Facing these two consummate artists was probably a daunting task, but Italian soprano Barbara Frittoli did not let any apprehension show and more than held her own as Maria, the only female character in the opera. As the one over whom everybody fights for very different reasons, she proved worthy of all the attention by letting her voice steadily and elegantly soar, never mind if her gestures seemed a bit forced at times. Her ardent lover, Italian tenor Roberto de Biasio, was making a very promising Met debut, whole-heartedly grabbing the opportunity of a lifetime and singing as if his life (or at least his livelihood) depended on it. His voice had a straightforward, vibrant quality to it and I hope we’ll get to hear him again soon. Another Italian singer making his debut (planned, this time) was baritone Nicola Alaimo as Paolo and, here again, the first impression was totally positive.
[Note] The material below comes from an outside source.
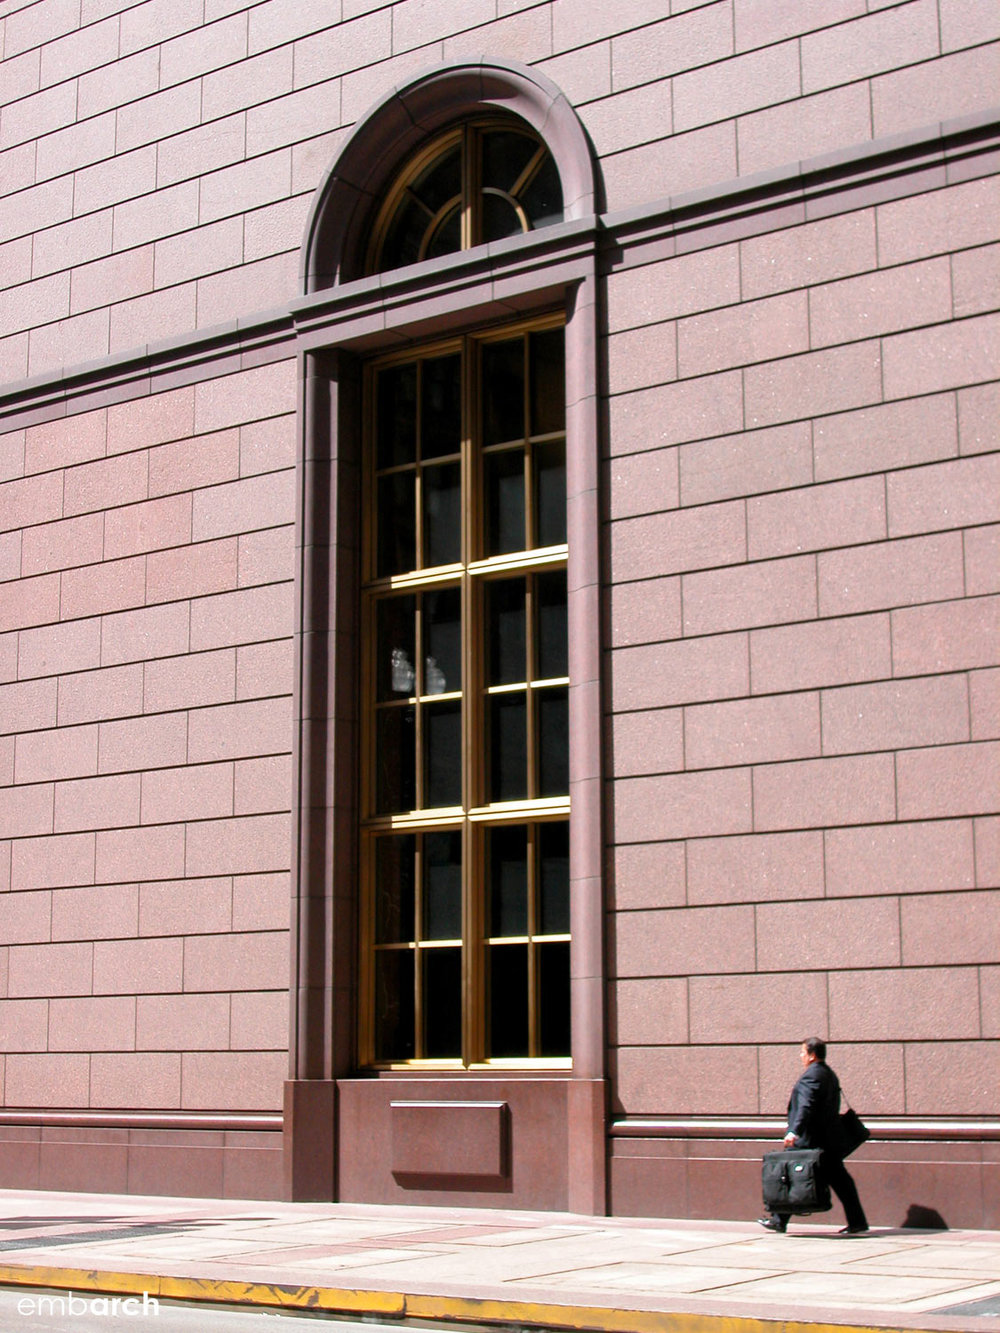 190 S Lasalle - exterior
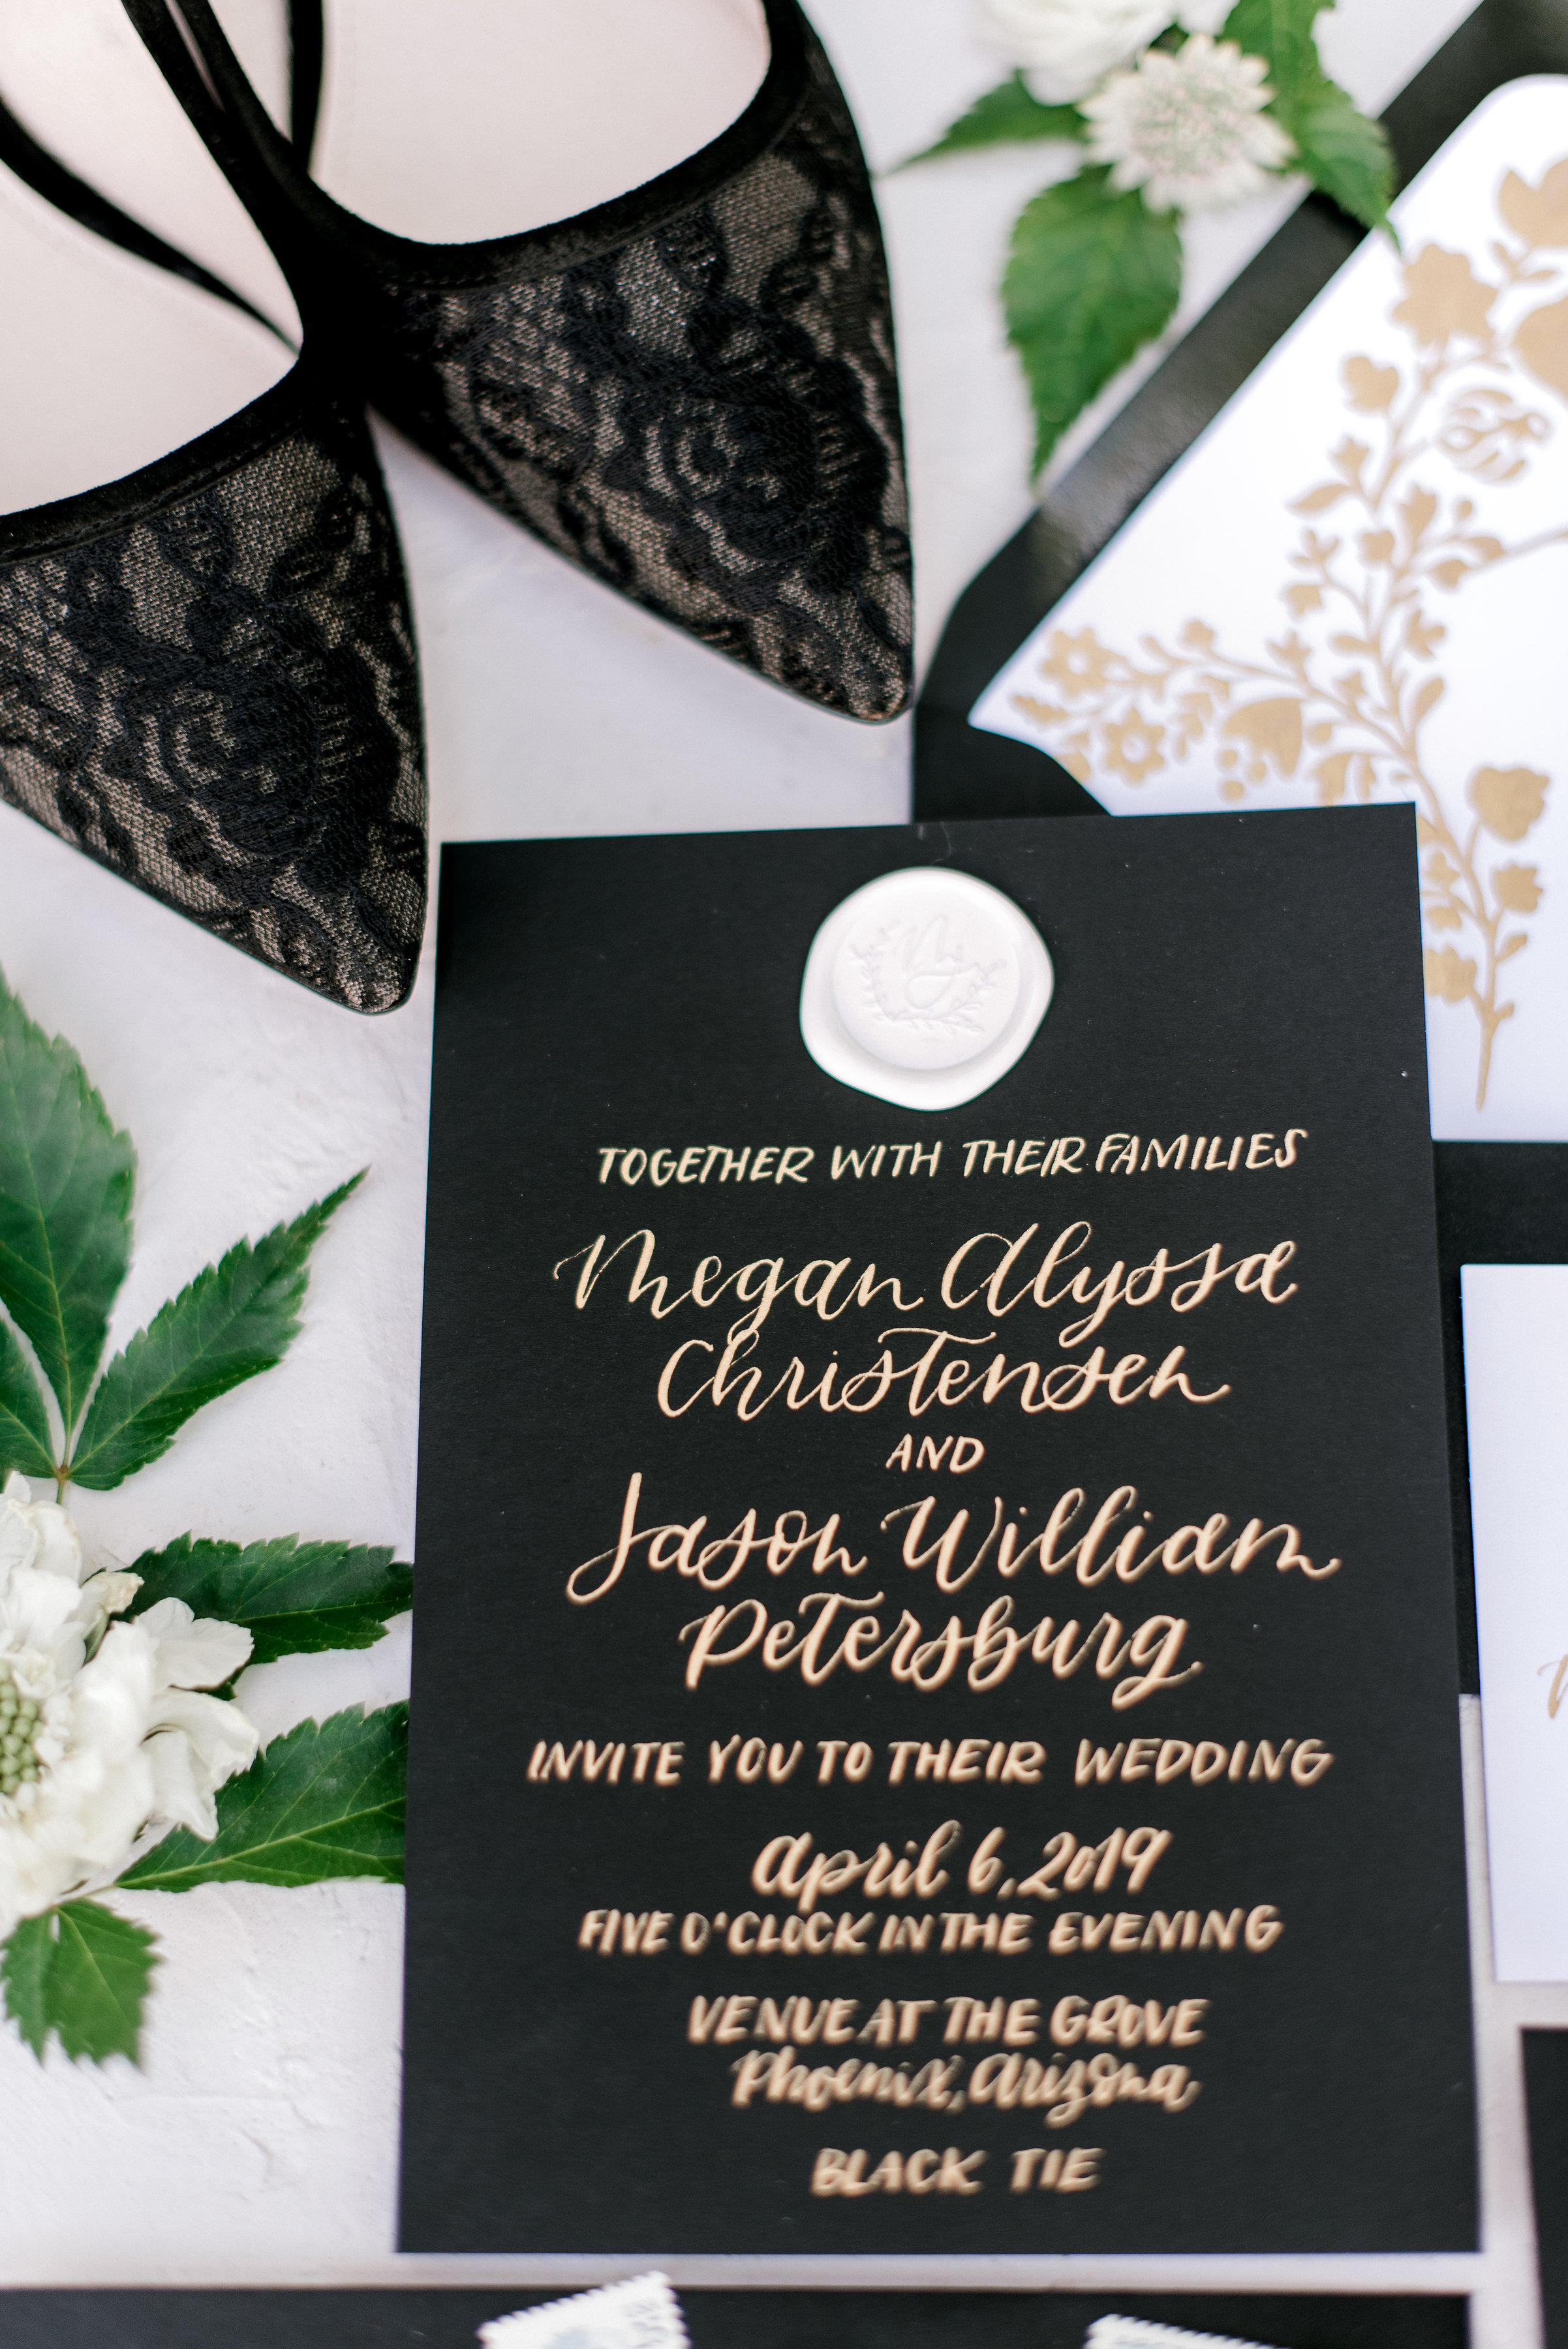 Black Tie Garden Wedding Styled Shoot Inspired by The Royal Wedding featured on Arizona Weddings- Konsider It Done- AZ Arizona Wedding & Event Planner, Designer, Coordinator Planning in Scottsdale, Phoenix, Paradise Valley, Tempe, Gilbert, Mesa, Chandler, Tucson, Sedona

Decors and costumes were adequate, if not particularly inspired. The score, on the other hand, was masterfully performed under the expert baton of beloved maestro Levine, who may have received the biggest ovation of the evening. The magnificently dark composition does not contain any instantaneously hummable melodies, but its discreet sophistication beautifully supported the singers’ voices, fittingly emphasizing decisive plot turns and all-consuming emotional peaks. And let’s not keep the suspense any longer: yes, the famous council chamber scene at the end of Act I, featuring the six main characters and the chorus thrown into a stormy, intense confrontation, turned out the undisputed highlight it was expected to be. Mission accomplished! All in all, it was yet another memorable night at the opera. May there be many more.